The requirements menu in component menu 202d can be automatically populated based on relevant objectives or constraints associated with a 3D model, such as the 3D model displayed in the 3D model view 204, once the system model is fully set up. For example, in FIG. 2, component menu interface 202d shows driving performance, comfort, and fuel efficiency requirements that are associated with the 3D model of the automobile displayed in the 3D model view 204. In some embodiments, a user can select one or more requirements from the requirements menu in component menu 202d as objectives and/or constraints for the design problem.
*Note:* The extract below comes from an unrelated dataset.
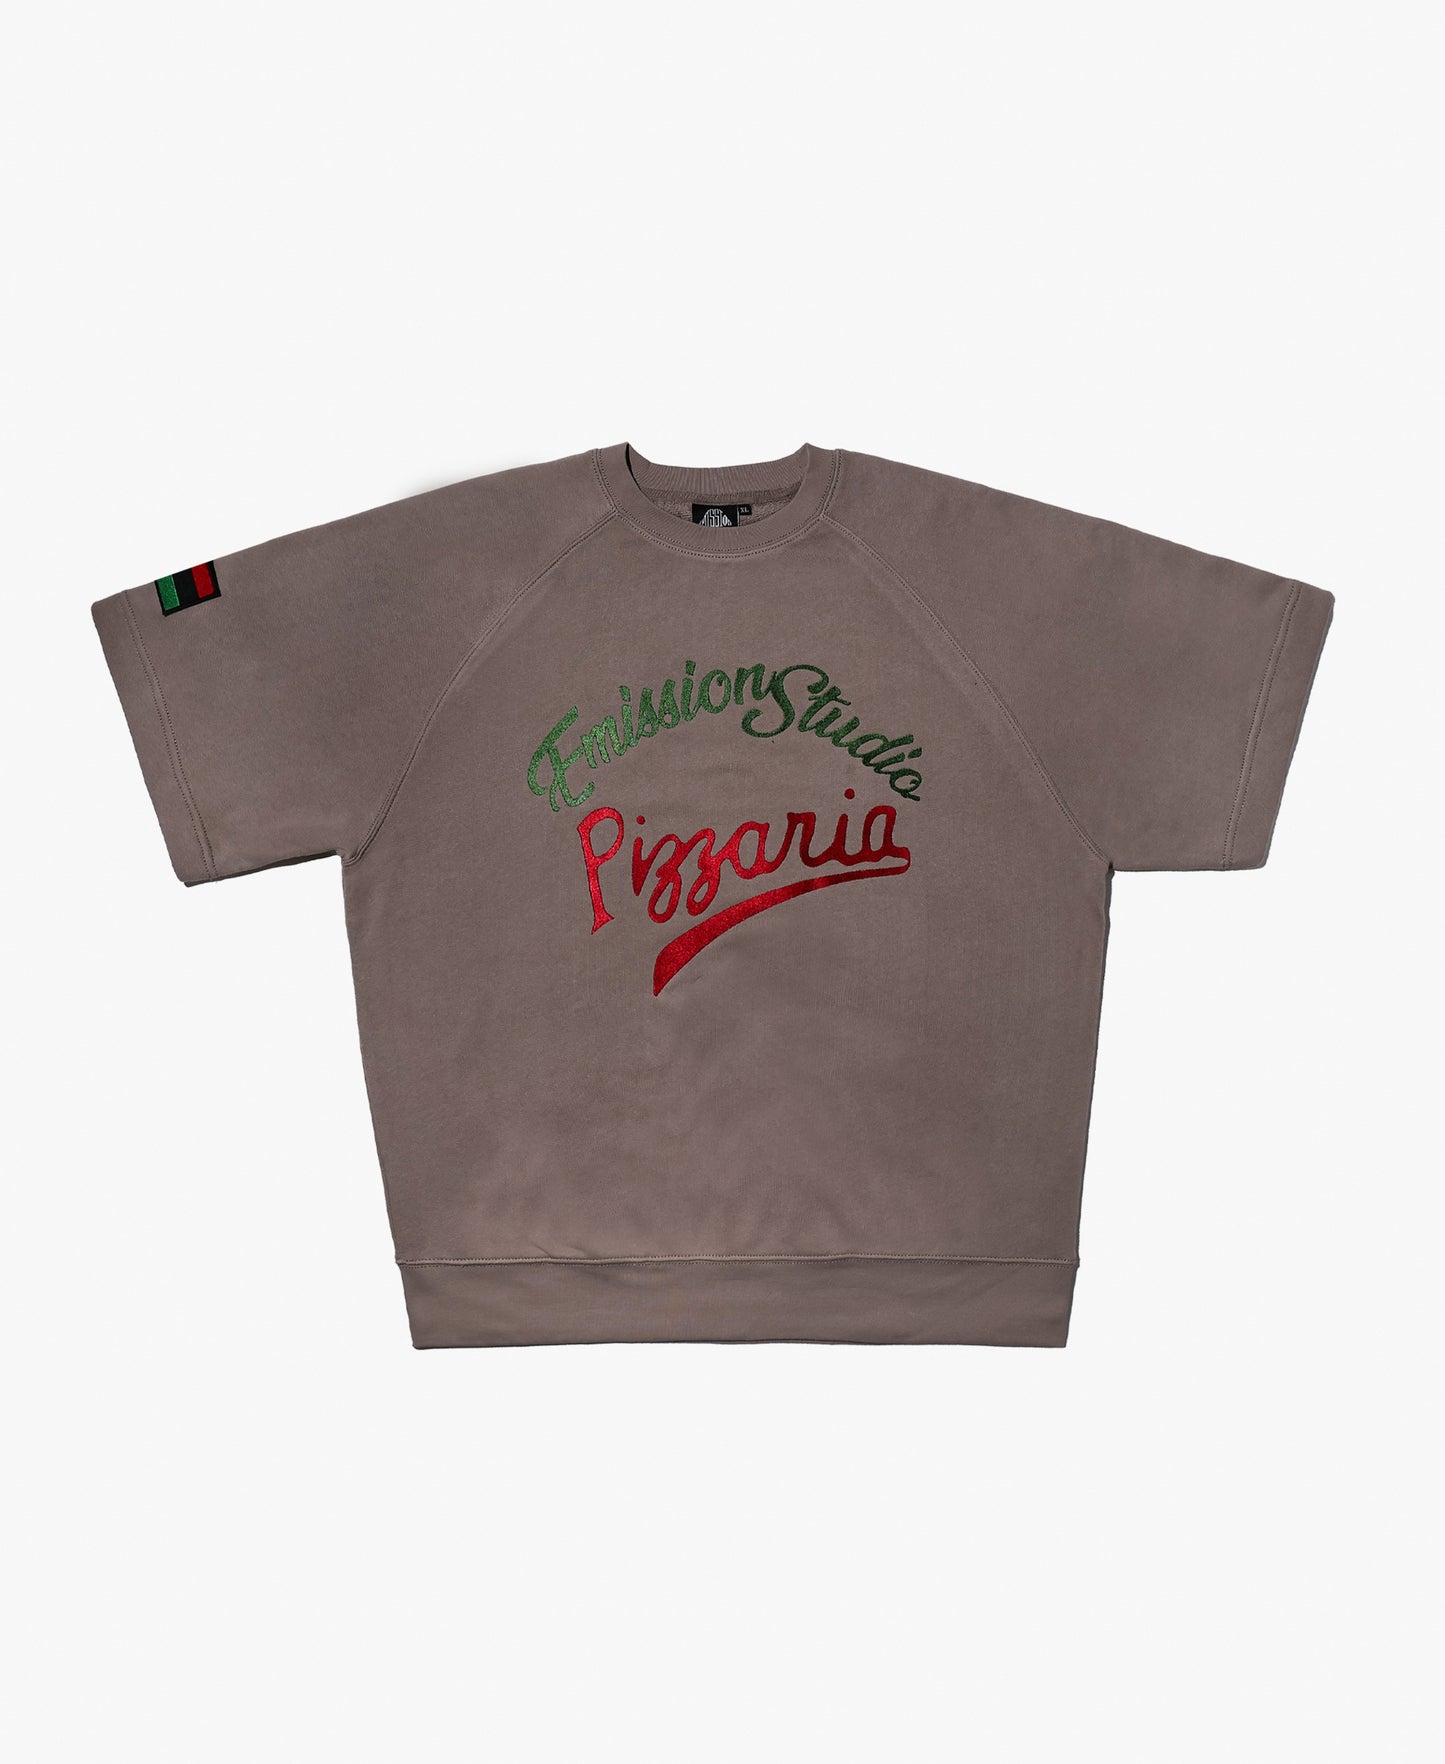 Emission’s pizza Sweat t-shirt

The design problem 140 and parts thereof, such as objectives 144 and constraints 142 can be updated based on the selection of the user.

Once displayed, the various modeling components of the component menu interfaces 202a-d can be interacted with by a user of the GUI 106, such as a user selecting aerodynamics in the component menu interface 202a. In some embodiments, a user can interact any number of times with the modeling components in the component menu interfaces 202a-d in any number of ways including, without limitation, selecting one or more modeling components to be associated with one or more portions of the 3D model, selecting one or more modeling components to be associated with one or more other modeling components, adding a modeling component to the system model view 206, adding one or more requirements to the problem definition view 210, editing previously selected modeling components (including editing associated parameters and/or functions) or the associations of the modeling components, removing previously selected modeling components, and other similar interactions.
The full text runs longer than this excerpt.